Re: scrypt with "odd" r or N (Re: Canonical way to invoke the KDF?)

On Sat, Nov 16, 2013 at 01:48:27PM -0800, Colin Percival wrote:
> On 11/15/13 18:08, Solar Designer wrote:
> > On Fri, Nov 15, 2013 at 05:34:00PM -0800, Colin Percival wrote:
> >> The scrypt algorithm is specified as operating on arbitrary N; it's just
> >> this particular implementation which is limited in the values it can
> >> handle.
> > 
> > When N is not a power of 2, any definition of Integerify() would result
> > in a non-uniform distribution of the resulting indices.  While this may
> > be acceptable, it let's say does not feel nice.
> Having probabilities which are off by less than 2^-128 doesn't exactly matter.

I agree.  In practice, an optimized implementation would be likely to
process fewer bits of B_{2r-1}, resulting in the probabilities being off
e.g. by up to 2^-64 or even 2^-32, but this is still acceptable.

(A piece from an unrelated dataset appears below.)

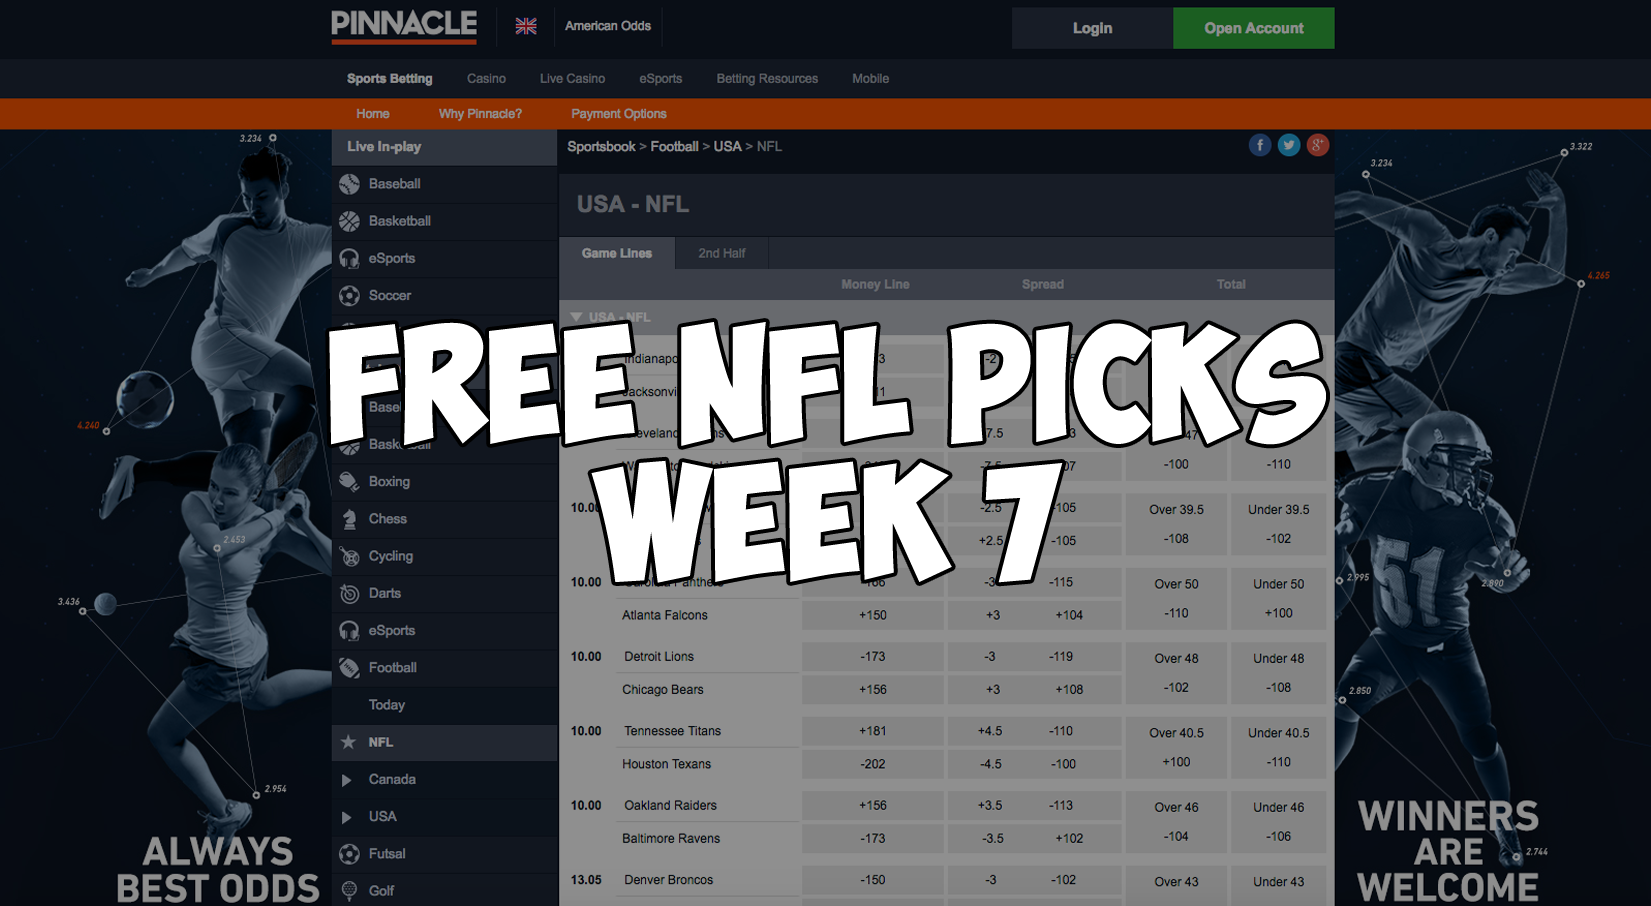 Free NFL Picks Week 7 - American Betting Site | American ...
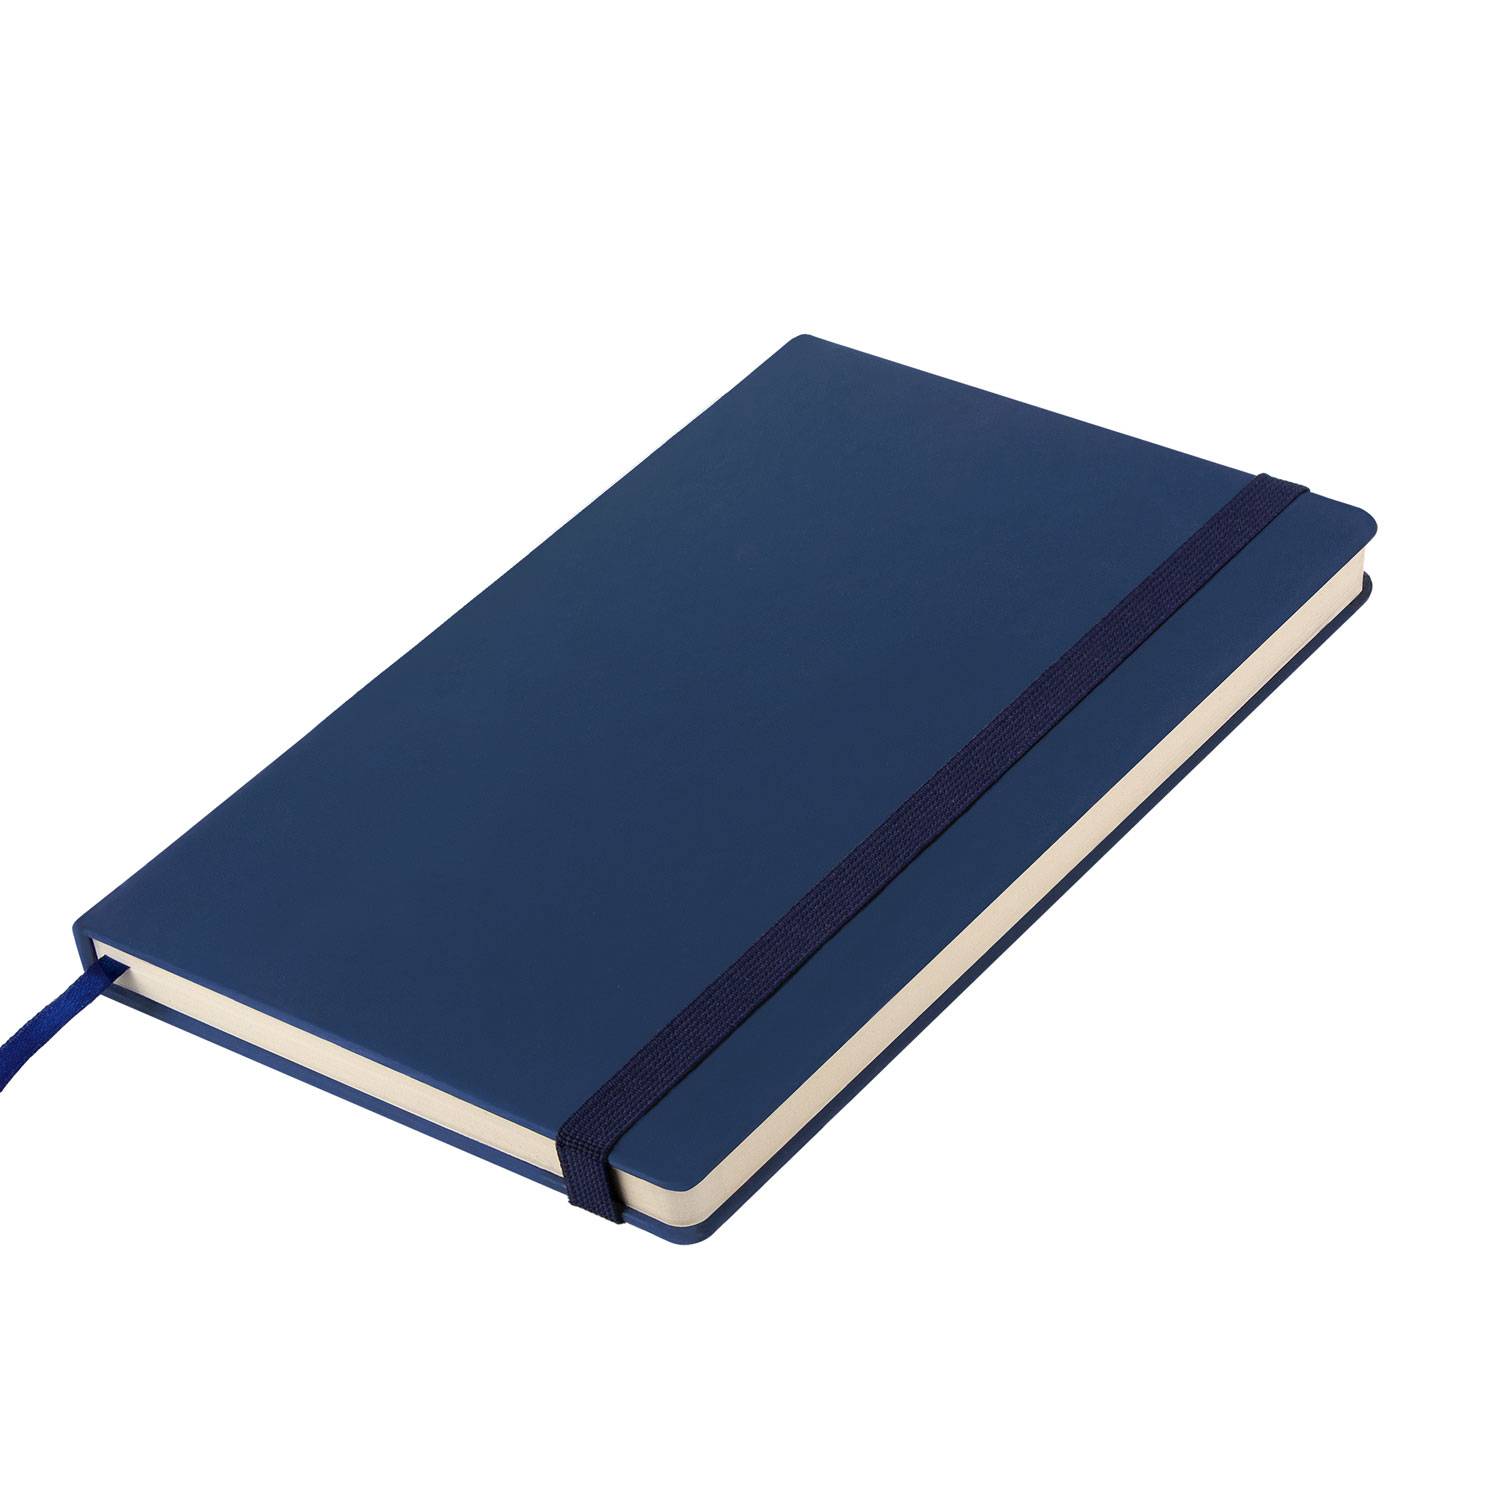 Ежедневник недатированный Alpha BtoBook, синий (без упаковки, без стикера)

> > Which do you think is a better way to handle "odd" total memory sizes
> > (if optimal for a certain platform and certain throughput and latency
> > constraints):
> > 
> > 1. Use "odd" values of r.
> > 
> > -OR-
> > 
> > 2. Use "odd" values of N _and_ revise Integerify() accordingly
> > (arbitrary modulo division?)
> No revision necessary: The scrypt algorithm as defined in my paper sets
> Integerify = the 128-bit integer generated by interpreting B_{2r-1} as a
> little-endian integer, and ROMix explicitly reduces this modulo N.
> The "take the bottom n bits of the first word in B_{2r-1}" is just an
> optimization for the case where N = 2^n.

You're right indeed.

OK, no specification revision necessary (only a code revision) - but the
performance impact of modulo division by a non-power-of-2 is still
there.  A relevant question is whether the attacker will incur a
comparable impact too (but measured in area-time).  Perhaps they will,
if we assume that our CPU's implementation of integer division is fairly

Another aspect is that integer division would be an extra variable-time
component, on top of the caches and TLBs.  Given that scrypt is not
constant-time anyway (although its overall running time is close to
being constant), this is probably acceptable.  Are cache/TLB hits/misses
or integer division times more reliable to monitor from another process
or VM on the same system (possibly even running concurrently on the same
CPU core, with SMT)?  I don't have an obviously correct guess on this.
Yet adding integer division to the mix may potentially make some attacks
of this sort easier.

So do we prefer to use N or r to achieve weird total allocation sizes?